Immunologist Cao Xuetao has been barred from applying for grants for a year.Credit: VCG/Getty

Top immunologist cleared of misconduct

Leading immunologist Cao Xuetao has been cleared of significant wrong-doing more than a year after the Chinese government launched an investigation to review 63 manuscripts co-authored by Cao that contained suspected problematic images. The investigating committee found that none of the papers contained plagiarized or fabricated data, but some had images had been “misused”, which “reflected a lack of rigorous laboratory management”. Cao must now correct those papers and has been barred from applying for grants or recruiting students for a year. Critics have expressed concerns that the investigation revealed few details, such as how many of Cao’s papers contained misused images.

Nature | 5 min read

“We have to keep going”

Virologist Christian Drosten, who is leading Germany’s response to the COVID-19 pandemic, addresses everything from the more-infectious B.1.1.7 variant and his worries about a summer spike in an interview with Der Spiegel. Even with vaccines being rolled out to older and more-vulnerable people, infection-mitigation measures must be maintained, says Drosten. Otherwise, “huge numbers of people will become infected within just a short amount of time, more than we can even imagine”, he says. “Then the intensive care units will fill up anyway.” His biggest mistake? “Spending too much time reading Twitter,” he says. “Doing so just drives you crazy.”

Der Spiegel | 12 min read

Nature Research Awards for Driving Global Impact

The Nature Research Awards for Driving Global Impact are now open to applications. The awards support early-career researchers who address global challenges. If your work makes a difference to food, water or energy security, healthcare interventions, environmental protection, climate change or city sustainability — find out more here.

Features & opinion

Pandemic tech: Technology of the year 2021

Nature Electronics’s 2021 technology of the year highlights the use of digital technology during the coronavirus pandemic and the impact that the pandemic could have on the relationship between technology and society. Explore new developments in contact tracing, how wearable electronics are changing health monitoring and the future of online education.

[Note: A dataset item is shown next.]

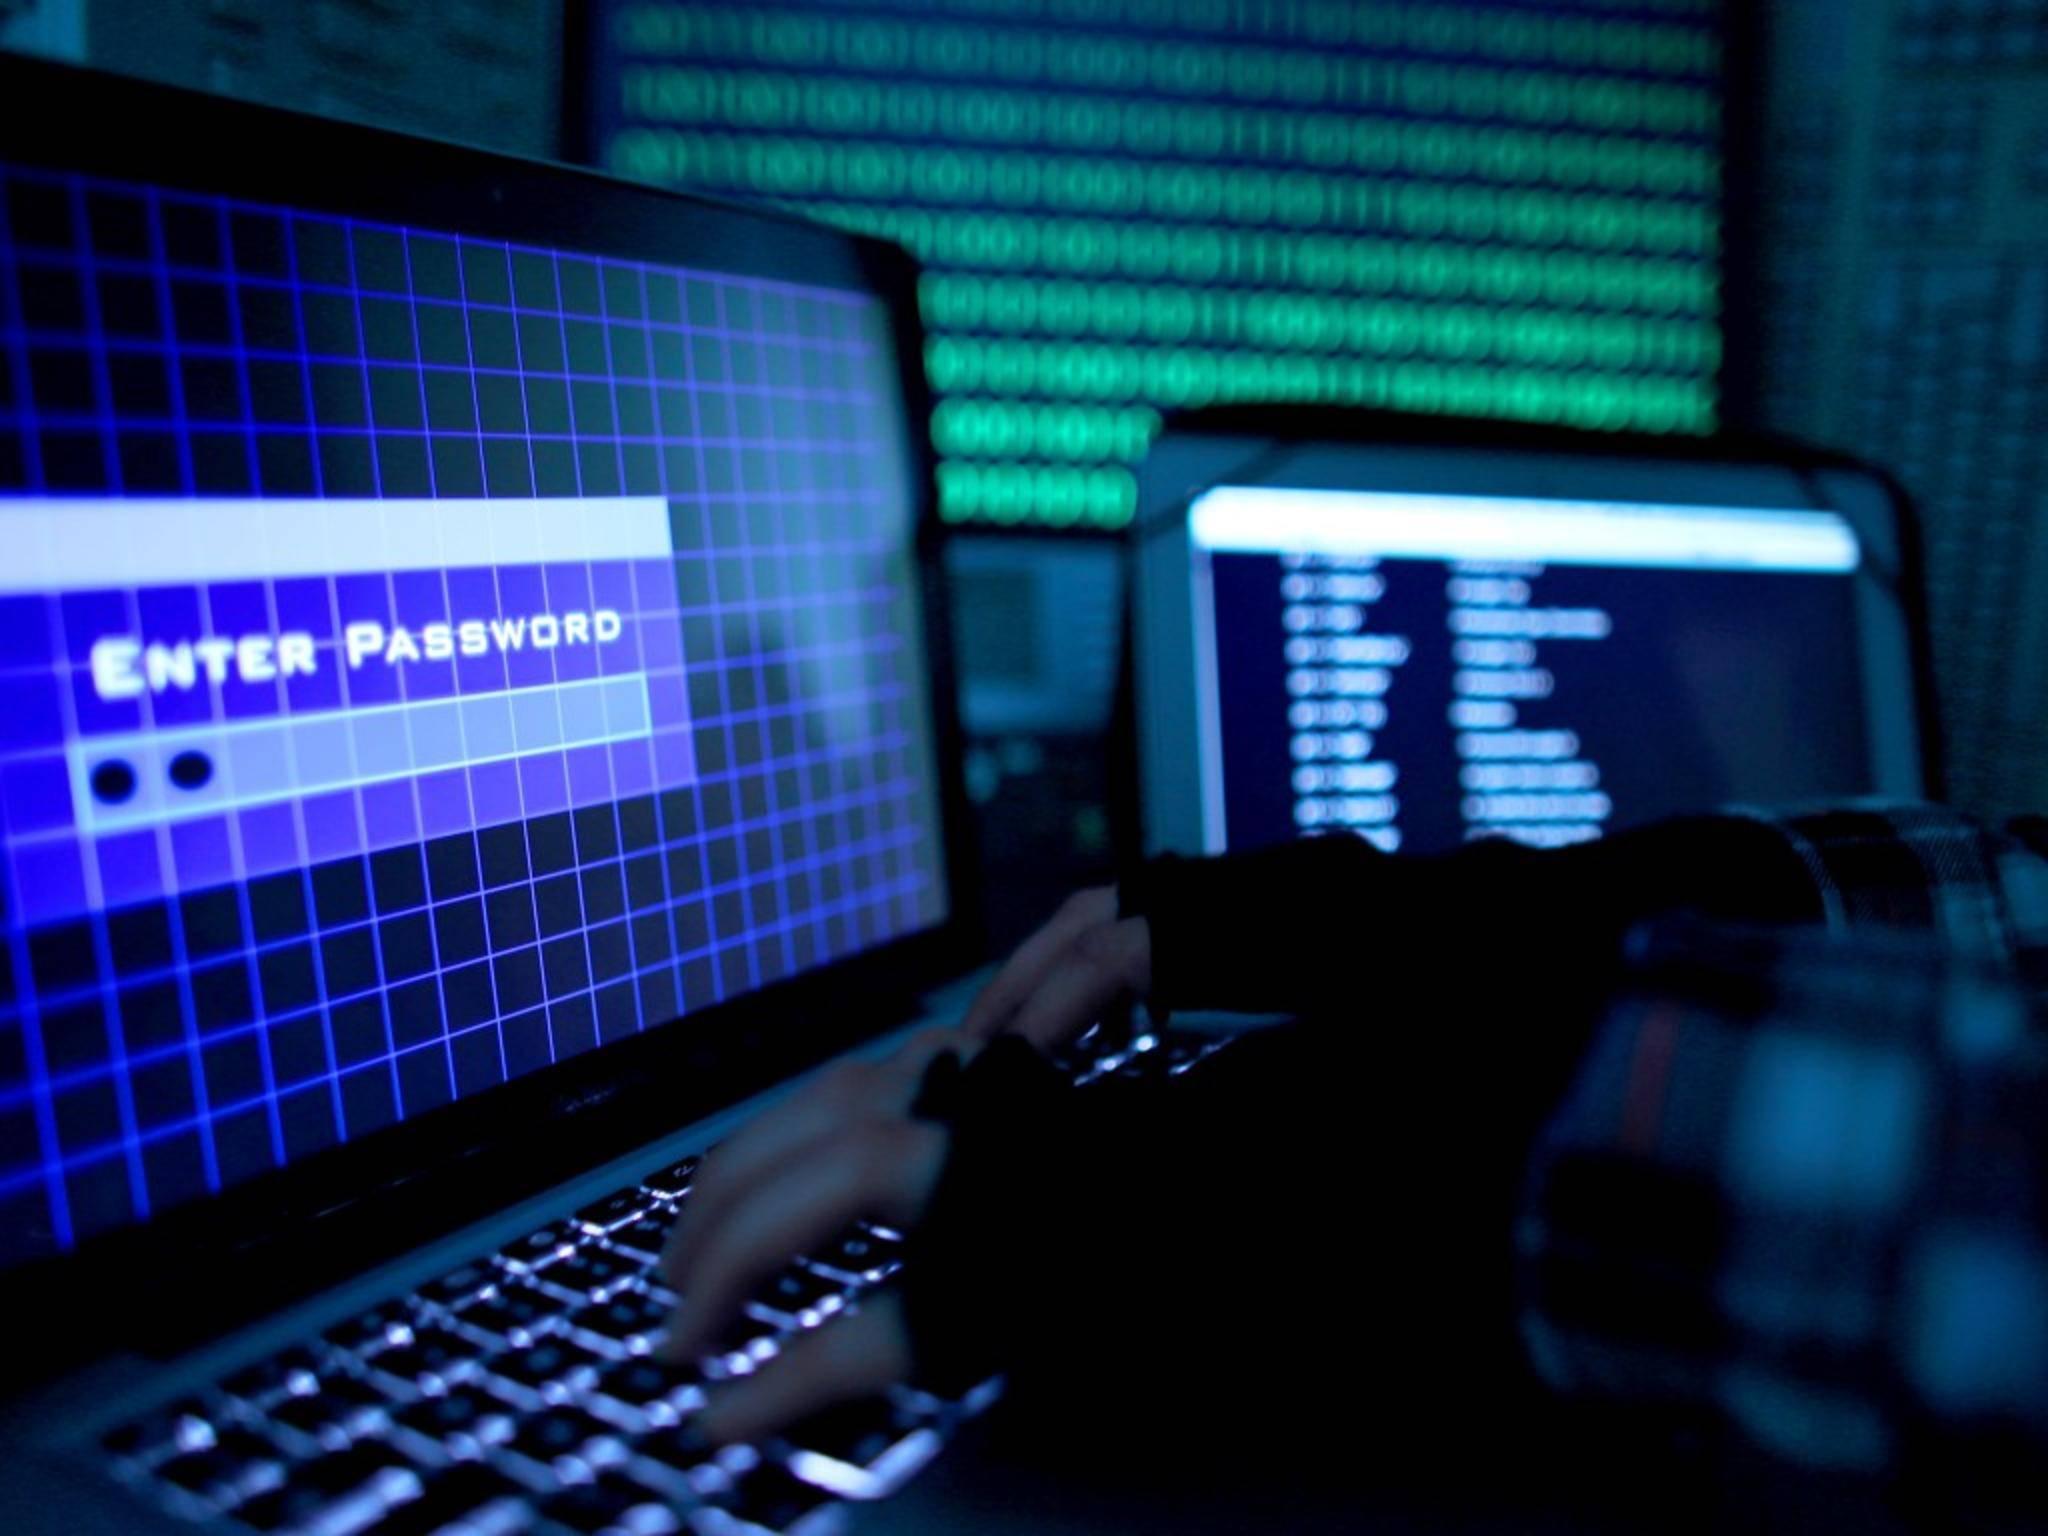 Eine Website verrät Dir, wie sicher Deine Passwörter sind.

Nature Electronics | 6-article collection

Lessons from an international PhD student

As a Colombian–Spanish student in New York, plant scientist Cecilia Zumajo-Cardona is officially an ‘alien’, according to US customs officials and law. The term used to make her laugh — but it became increasingly less amusing as 2020 progressed. “Last year brought many changes that I couldn’t control, and, although my work was pandemic-proof, I was not,” Zumajo-Cardona says. Despite the challenges of writing her dissertation in a pandemic, she’s optimistic about 2021.

Nature | 5 min read

Cancer research needs a better map

It is time to move beyond tumour sequencing data to identify vulnerabilities in cancers, argue the leaders of the Cancer Dependency Map project at the Wellcome Sanger Institute in the United Kingdom and the Broad Institute in the United States. Their aim is to evaluate every gene and drug perturbation in every possible type of cancer in laboratory experiments, and to make the data accessible to researchers and machine-learning experts worldwide.

Nature | 9 min read

Big projects, big insights. A comparison between The Cancer Genome Atlas and The Cancer Dependency Map.

Image of the week

Deep Space Station 56 lit with floodlights.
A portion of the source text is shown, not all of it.